Utilizzare questo test quando si confrontano le medie di due gruppi indipendenti quando le deviazioni standard della popolazione sono sconosciute e non si possono assumere varianze uguali.

È uno strumento fondamentale nella ricerca scientifica e nei test A/B, che consente agli analisti di inferire differenze di popolazione da dati campionari limitati senza assumere omogeneità di varianza.

Assumere varianze uguali quando le dimensioni del campione o le distribuzioni differiscono significativamente. Non riuscire a confermare che i campioni siano veramente indipendenti (ad esempio, utilizzandolo su dati appaiati). Utilizzare la formula standard della varianza pooled invece della versione non pooled.

Un ricercatore medico confronta il tempo medio di recupero dei pazienti che utilizzano un nuovo farmaco con un gruppo placebo per vedere se il farmaco influisce significativamente sul recupero.

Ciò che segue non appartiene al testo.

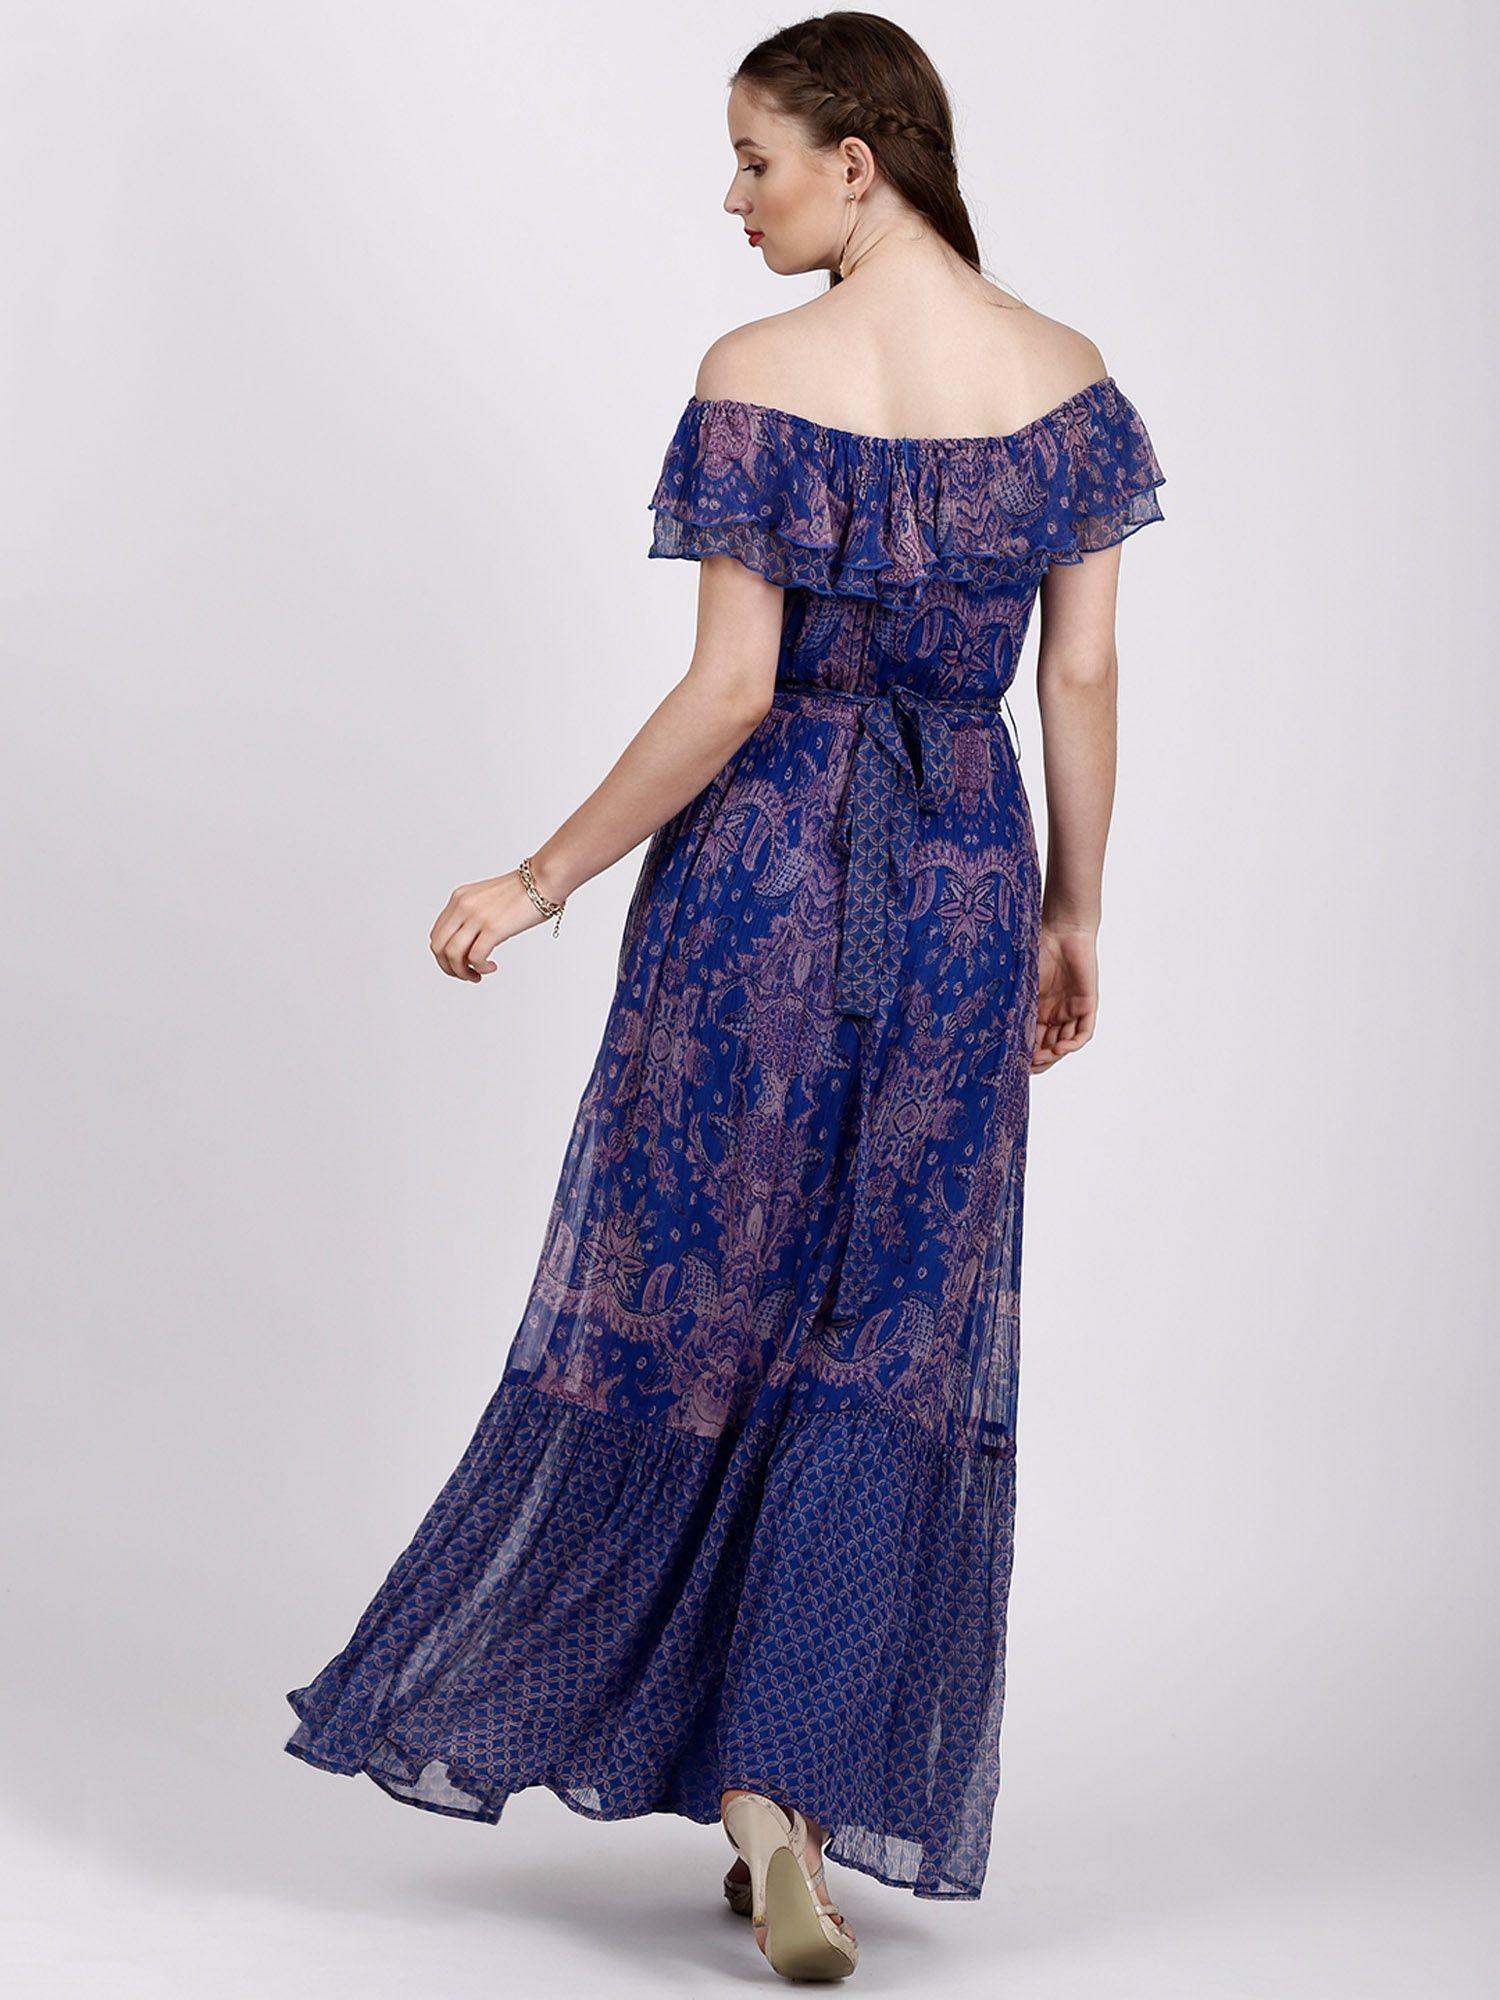 225c039f1283 Label Ritu Kumar Dresses   Buy Label Ritu Kumar Off Shoulder Long ...

Verificare sempre la normalità se le dimensioni del campione sono piccole (n < 30). Utilizzare l'equazione di Welch-Satterthwaite per calcolare i gradi di libertà per questo test. Assicurarsi che i campioni siano indipendenti, il che significa che la selezione di un soggetto non influenza la selezione di un altro.

References

Sources

  1. Rice, J. A. (2006). Mathematical Statistics and Data Analysis.
  2. Welch, B. L. (1947). The generalization of 'Student's' problem when several different population variances are involved.
  3. Welch, B. L. (1947). 'The generalization of 'Student's' problem when several different population variances are involved'.